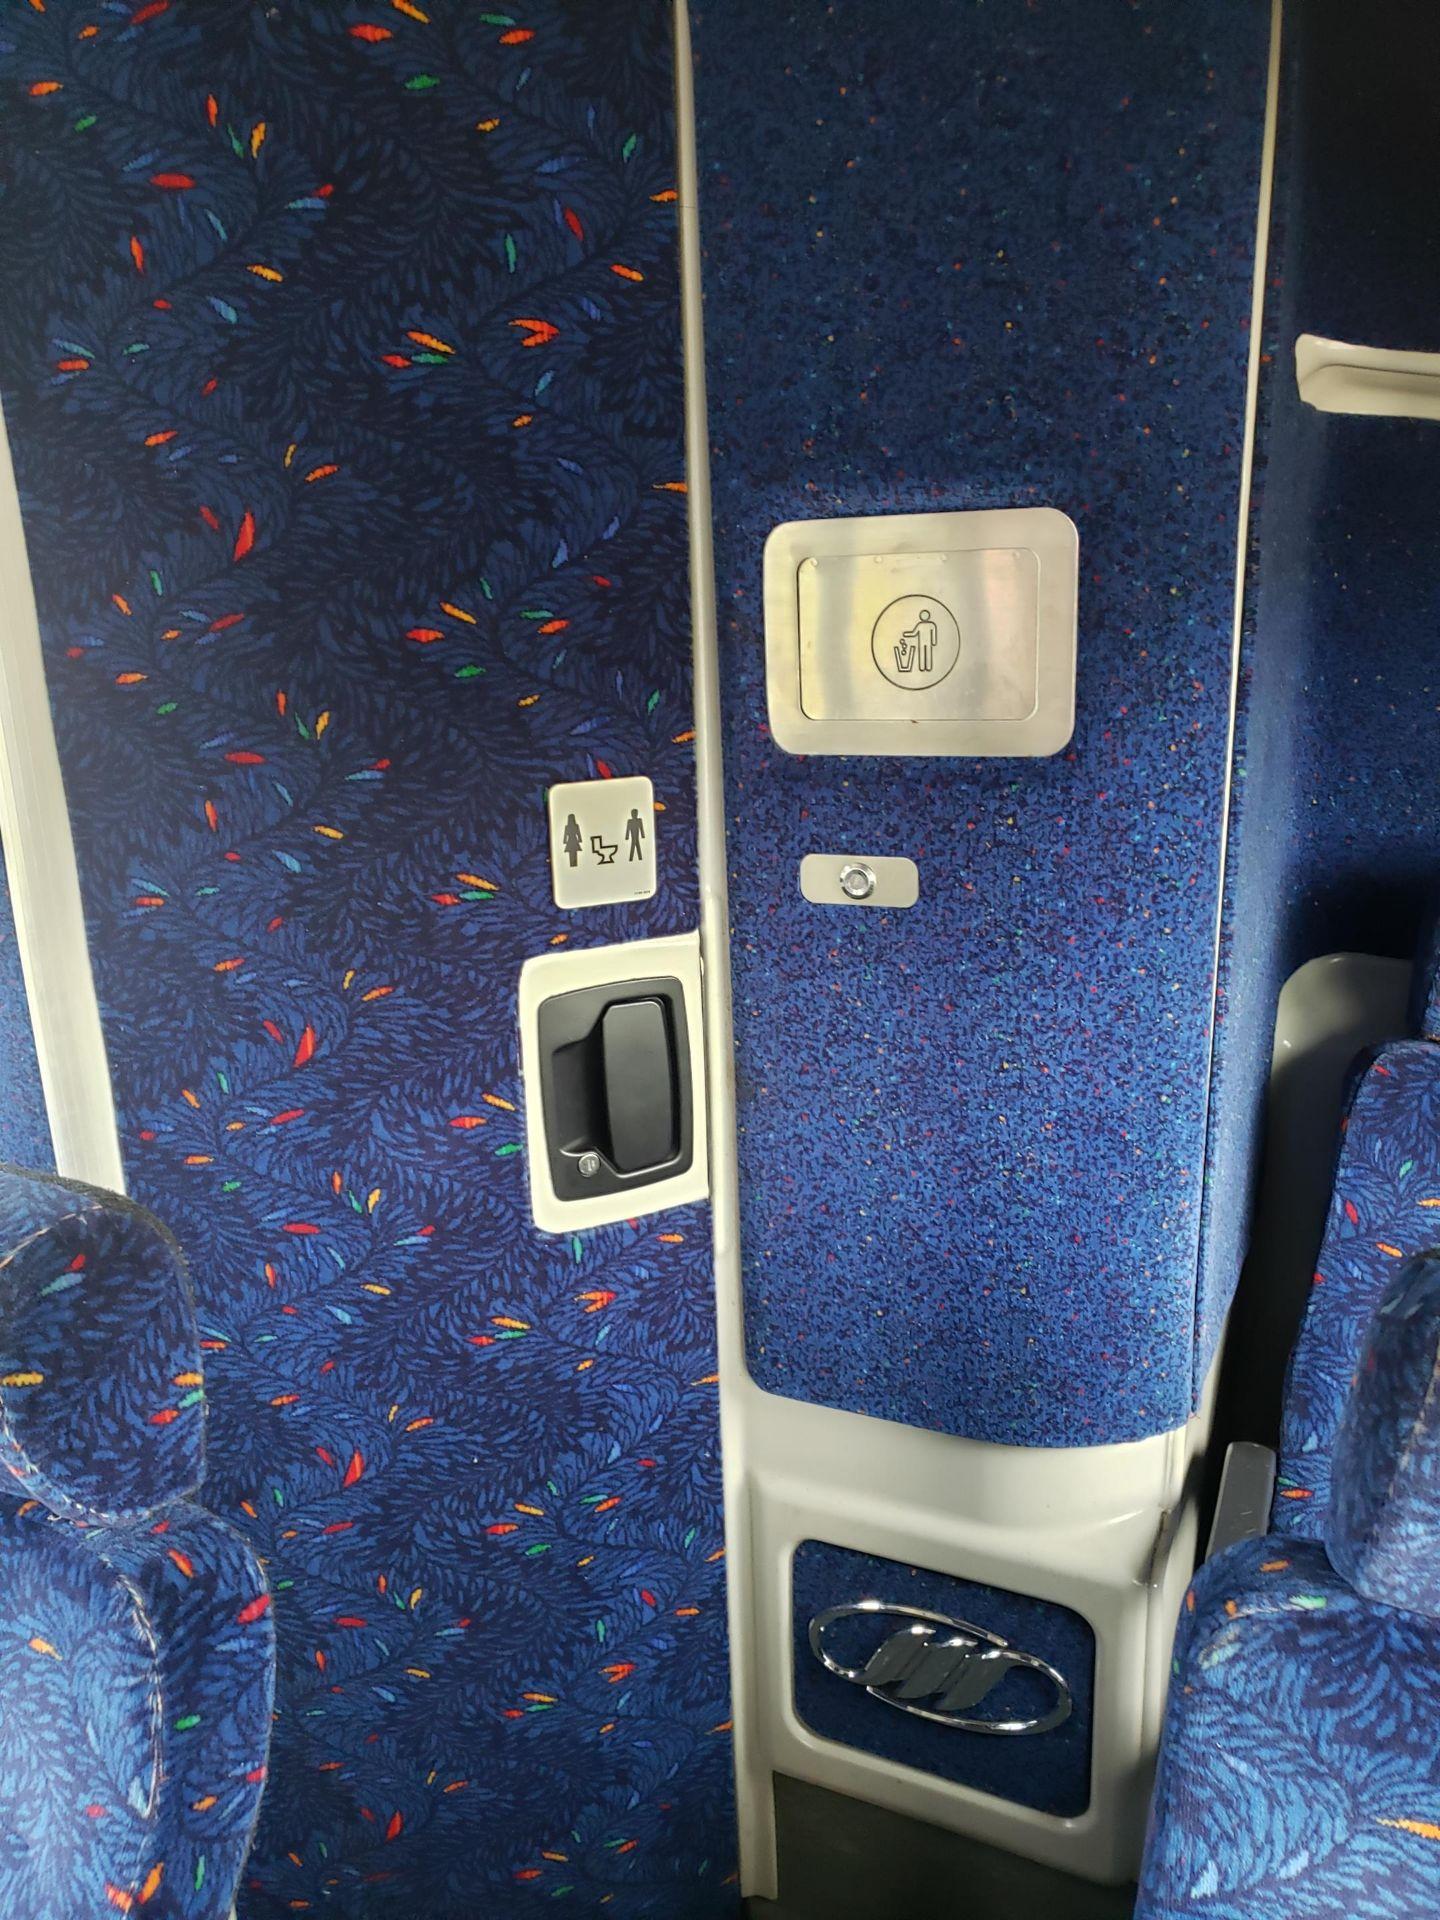 2005 MCI J4500 56-Pass Kneeling Coach Bus - Image 11 of 18
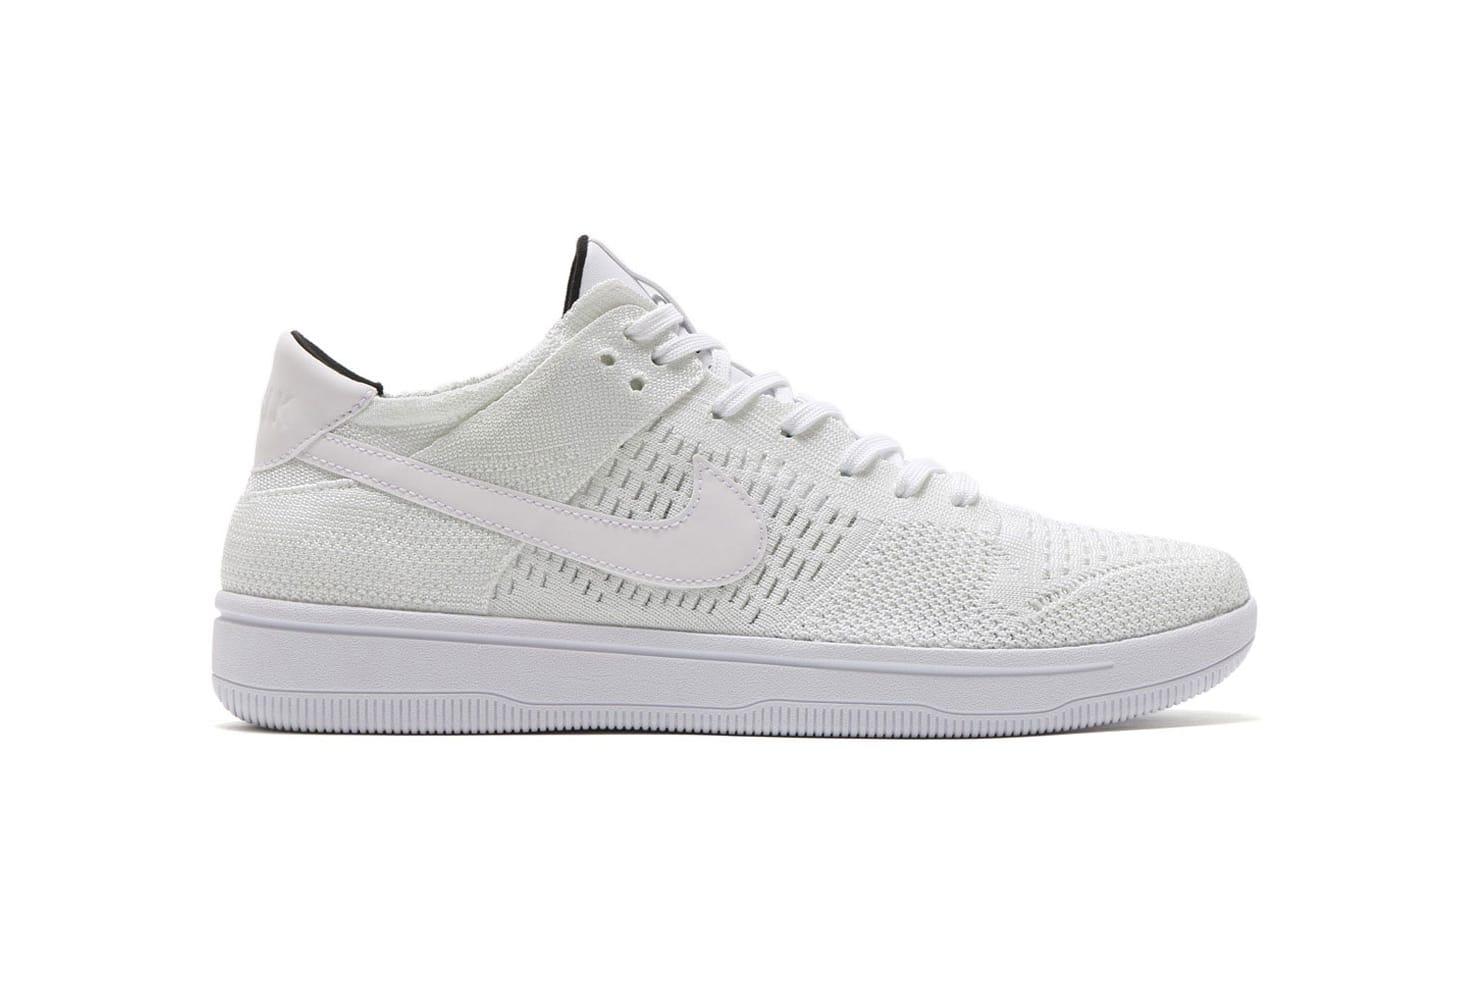 Nike Dunk Low Flyknit White/Black
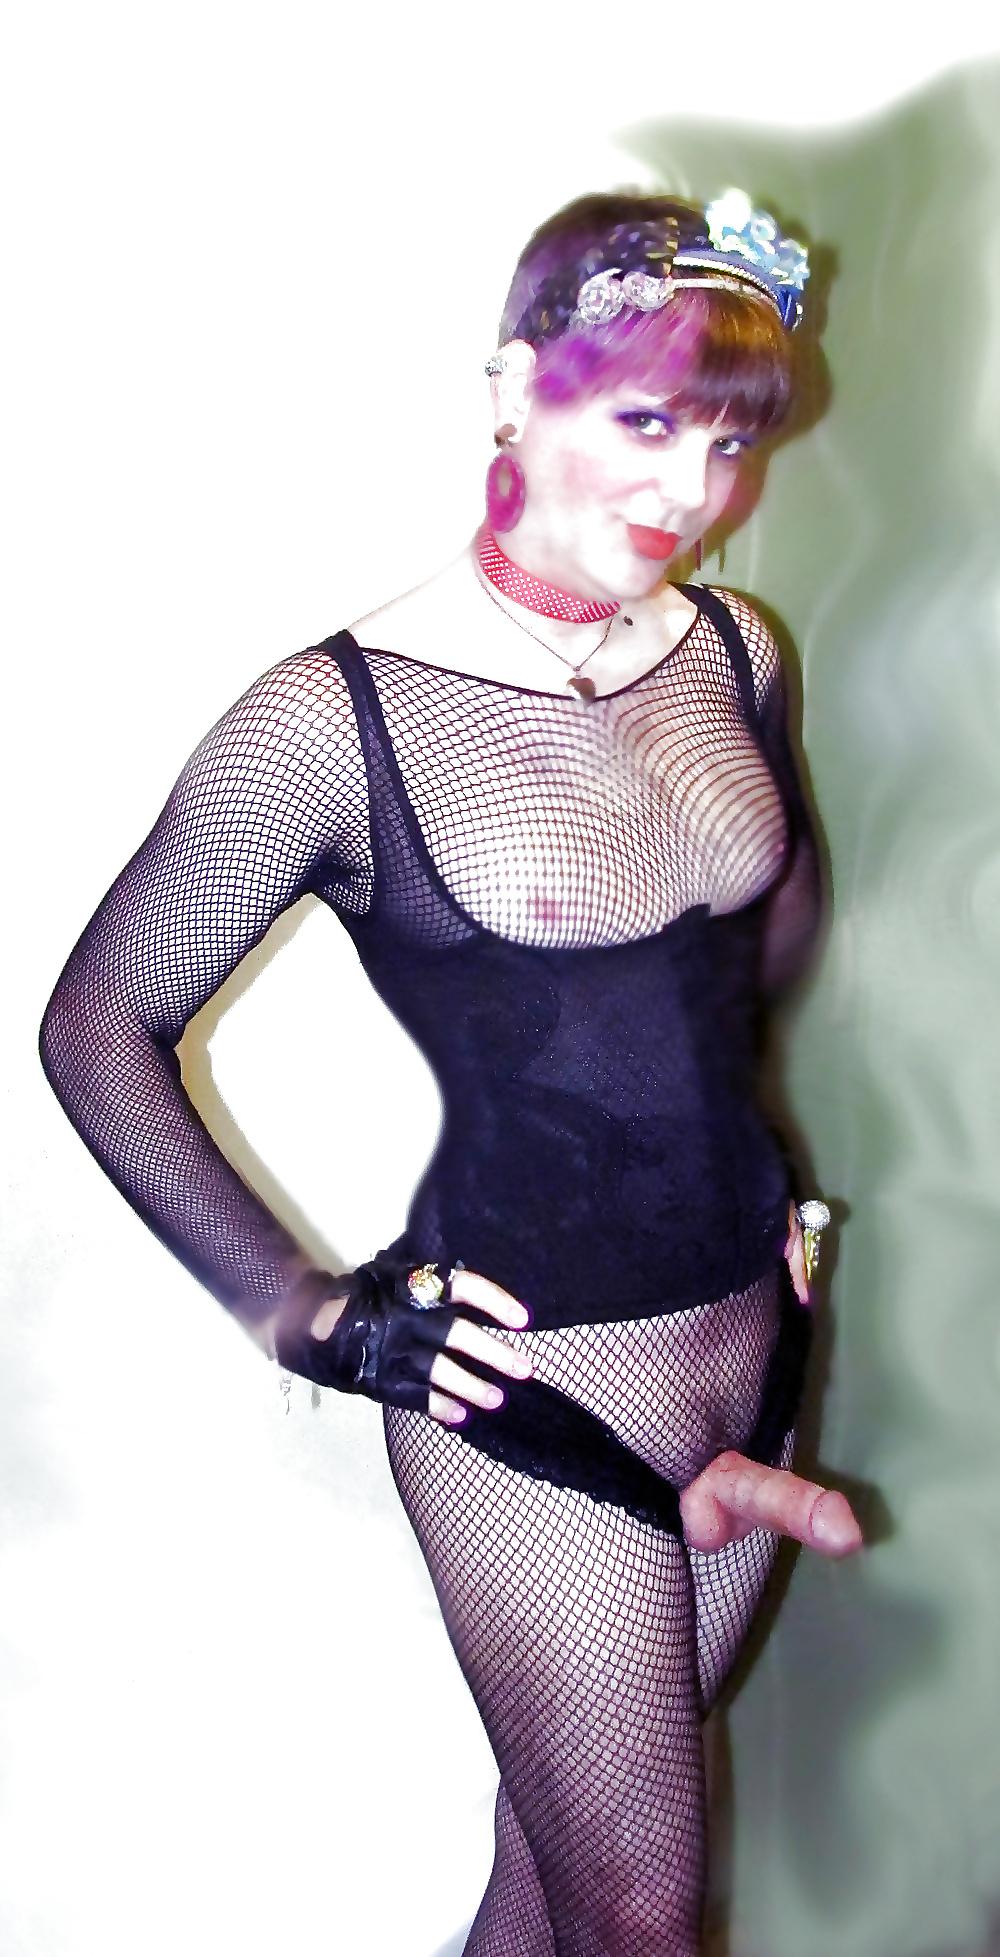 Kinky websites
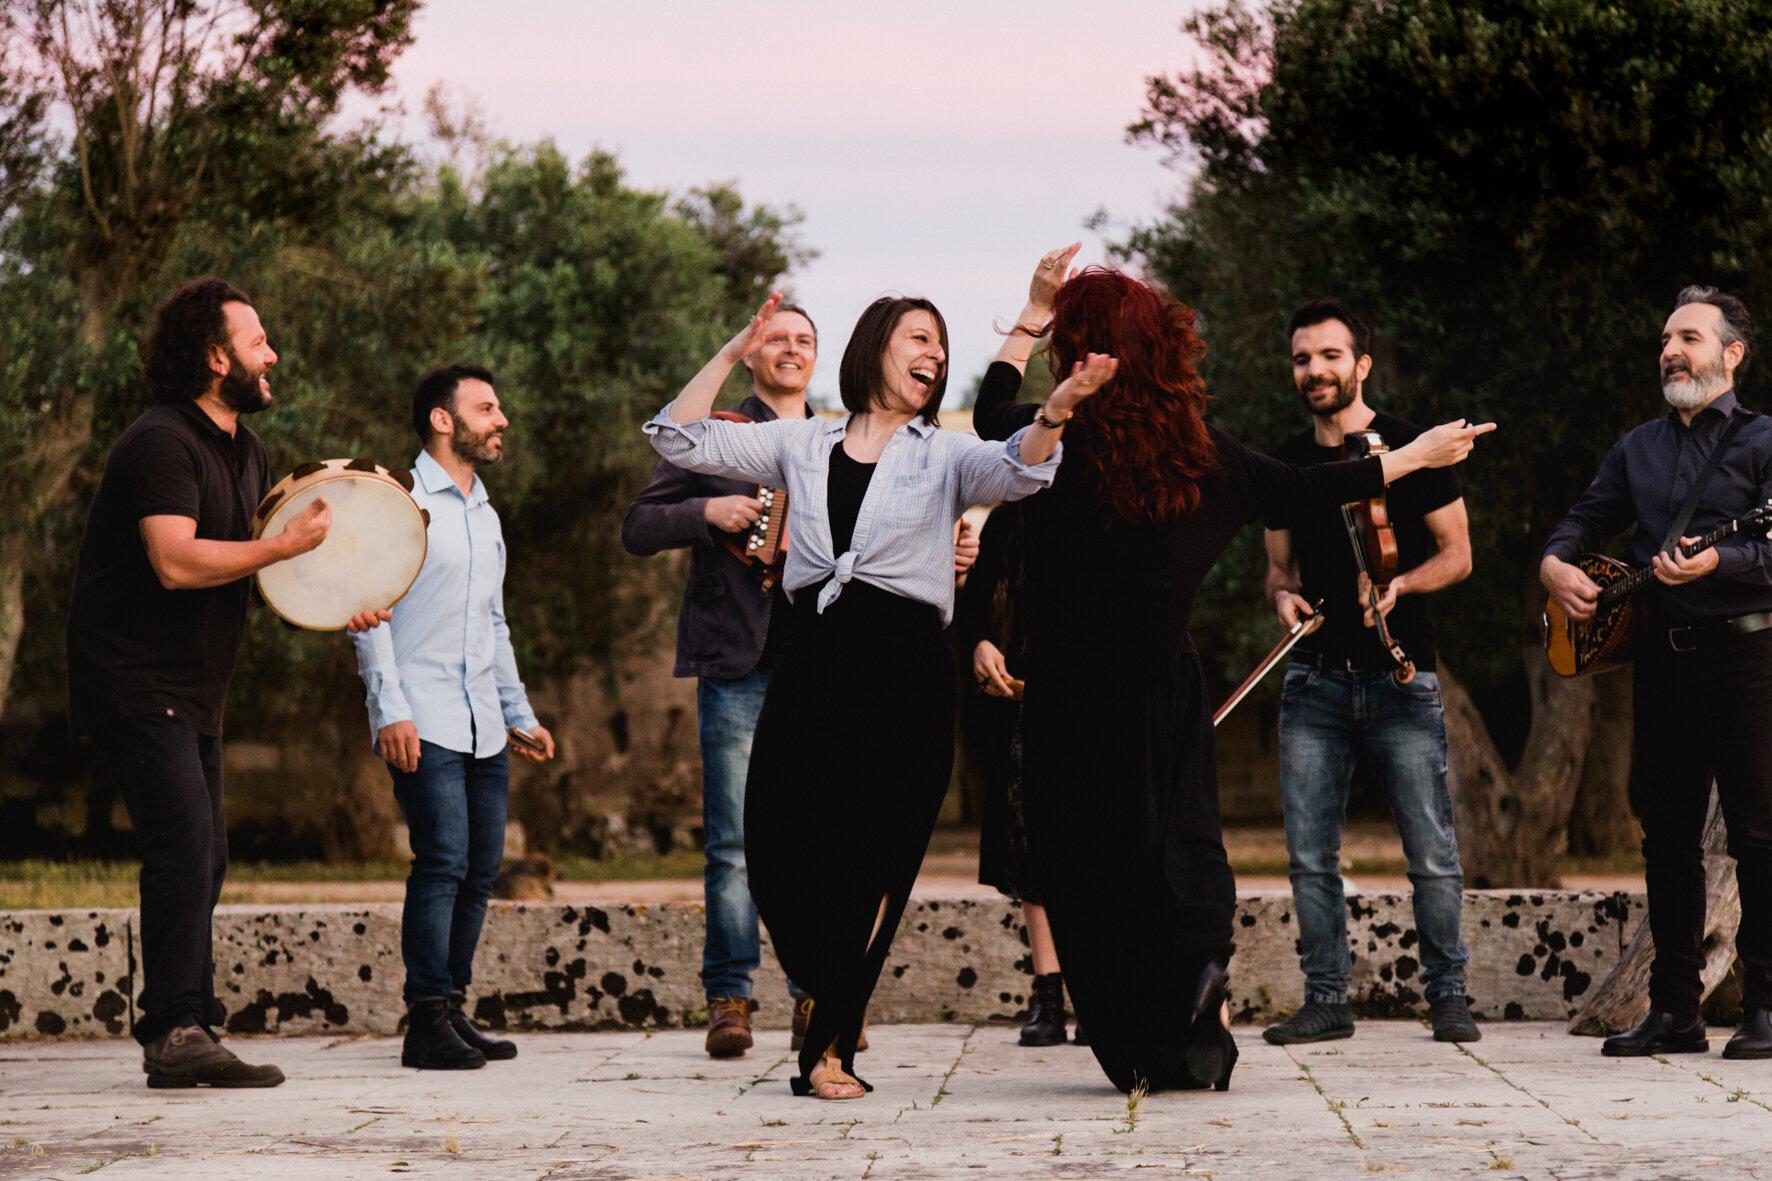 301 Puglia - Canzoniere Grecanico Salentino and Mickela Mallozzi_photo by Shoot My Travel.jpg
▬▬▬
What to produce:
With the pictures removed, write the listing out word for word.

Output below:
 2005 MCI J4500 56-Pass Kneeling Coach Bus - Image 11 of 18
 Nike Dunk Low Flyknit White/Black
 Kinky websites
 301 Puglia - Canzoniere Grecanico Salentino and Mickela Mallozzi_photo by Shoot My Travel.jpg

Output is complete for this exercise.